For some, other people are the cause of anxiety. Social anxiety creates in its sufferers the feeling that they are being watched and judged by others, even if rationally they know that this is not the case. In its milder forms, social anxiety can create extreme self-consciousness in the presence of others; but in its severe forms it can be debilitating, leading sufferers to avoid social situations altogether.

Another common form of worry is generalized anxiety disorder. Sufferers are filled with questions -- negative ones -- and dwell on endless "what if's" of a situation. They feel trapped in cycles of anxiety and worry.

General anxiety doesn't typically lead to panic attacks, but it can still be incapacitating. The endless worry saps energy, destroys interest in life and prompts frequent mood swings.

It's possible that some people are born with a temperament that inclines them to anxiety. Regardless of how anxiety develops, it's possible to control it.

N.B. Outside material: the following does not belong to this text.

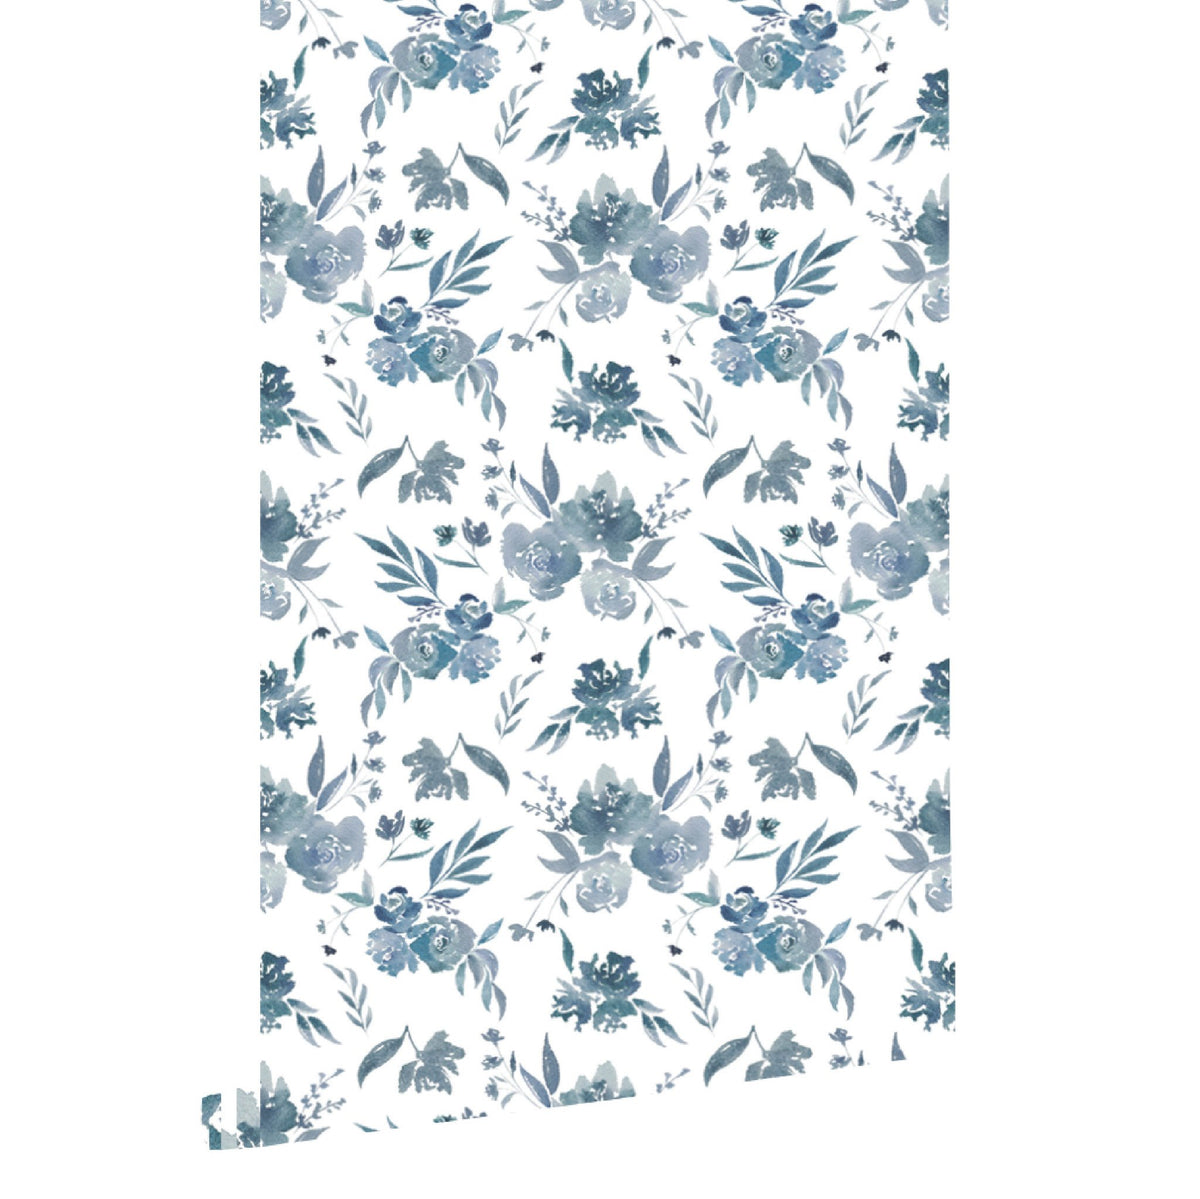 Indigo Floral Wallpaper
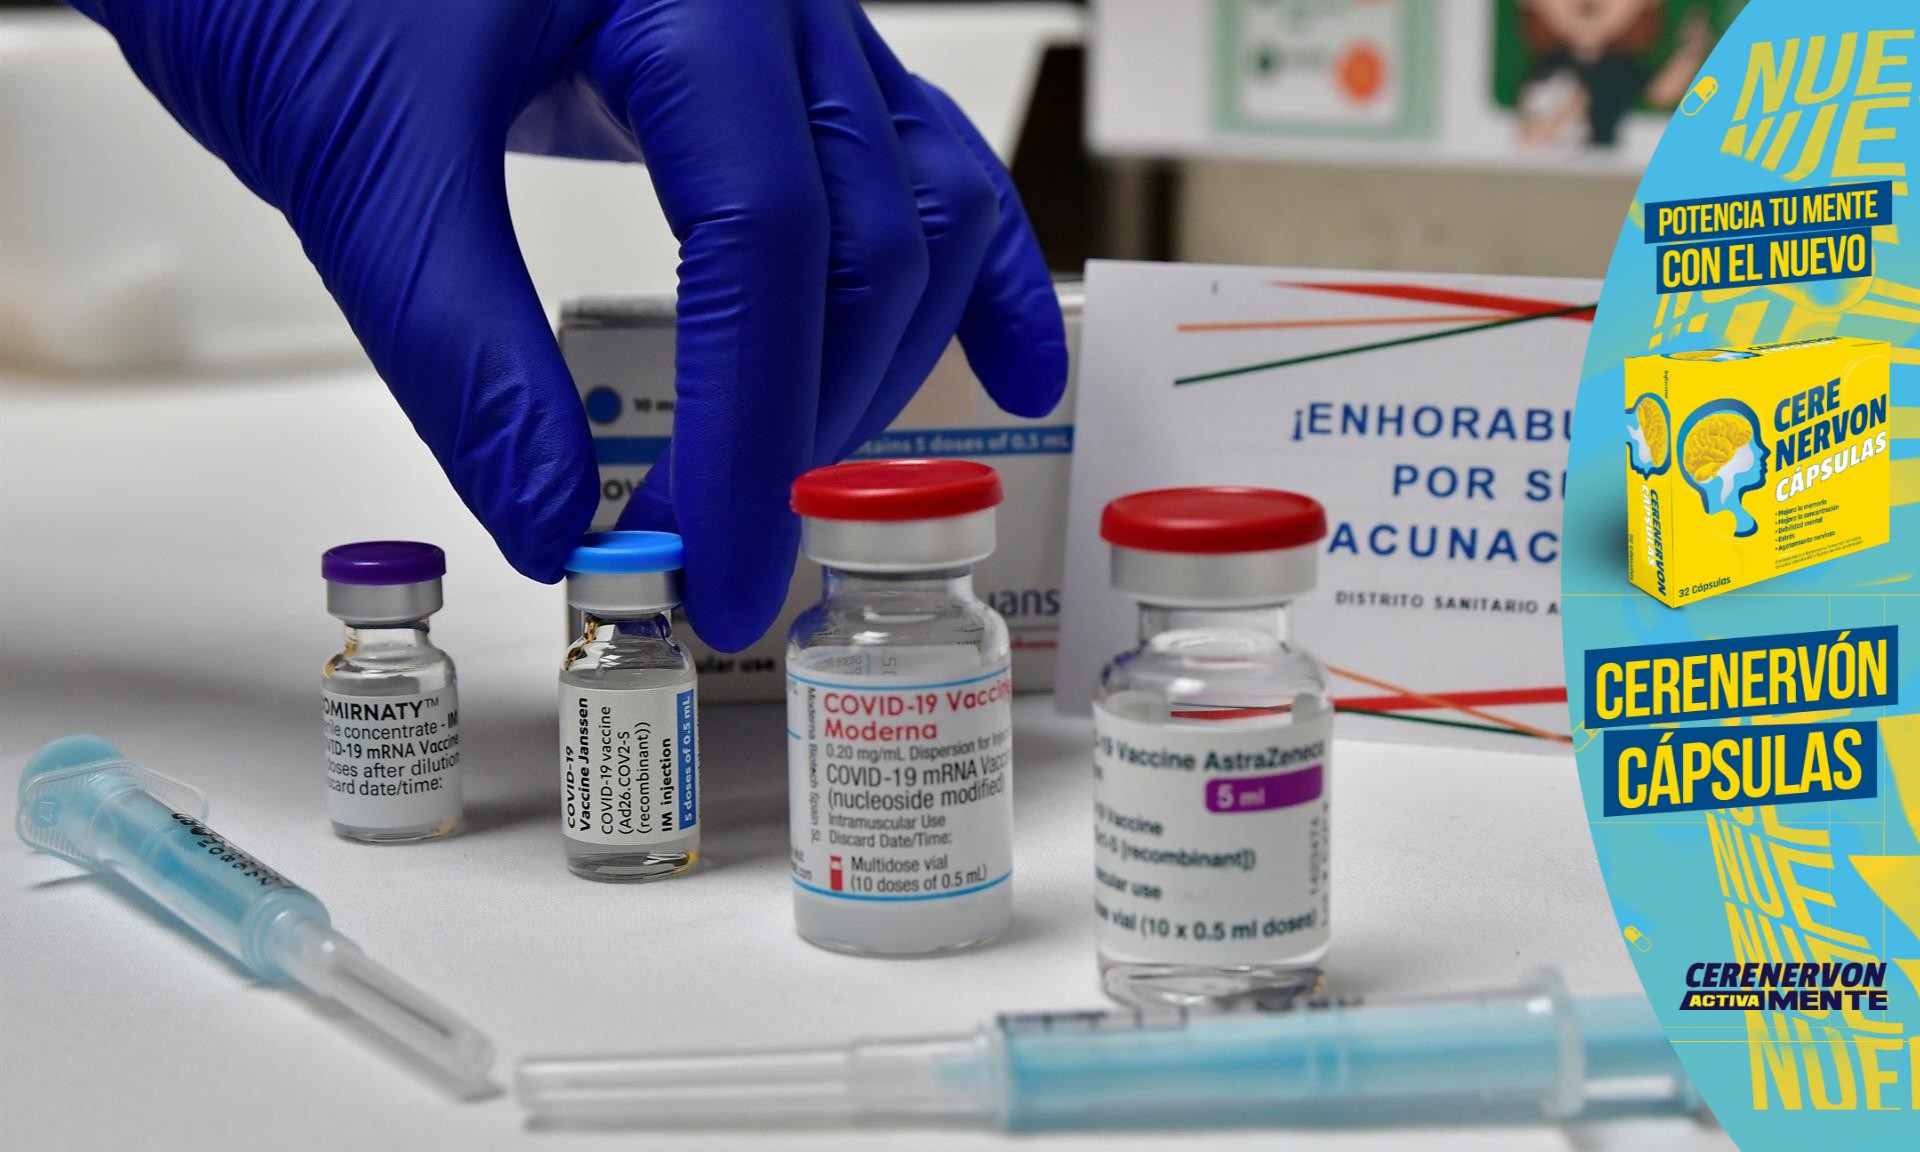 Abogado: El MP debe proceder contra las autoridades por "negligencia" en entrega de vacunas anticovid a los hondureños

"If anxiety is interfering with your work or personal life even though you tried to relax or do some stress management, at that point you should at least get a consultation by a health professional to see if there is an anxiety disorder," says Jerilyn Ross, M.A., director for the Ross Center for Anxiety and Related Disorders in Washington, D.C.

Treatment is tailored to the specific concerns that preoccupy each person. Nevertheless, there are some treatment techniques that are widely applied. Persons who are expert at treating anxiety often use a combination of approaches

? Cognitive Therapy Focuses on creating an understanding of the thought patterns that bring on worry. It helps anxiety suffers separate unrealistic from realistic thoughts.

? Behavior Therapy Focuses on taming anxiety through control of specific ways the body overreacts to worry. One common approach is to teach controlled breathing and the relaxing of muscles that constrict with worry. Both techniques lower heart rate and blood pressure.

?Relaxation Training Through a mixture of cognitive and behavior techniques, helps avert high anxiety. One approach is to think of a relaxing scene when anxiety levels start to rise.

?Desensitization Those who suffer phobias and obsessive-compulsive disorder are gradually and safely exposed to whatever is the source of their anxiety, until, over time, tolerance is built.

?Medication. Antidepressant and antianxiety medications are most effective in combination with psychotherapy.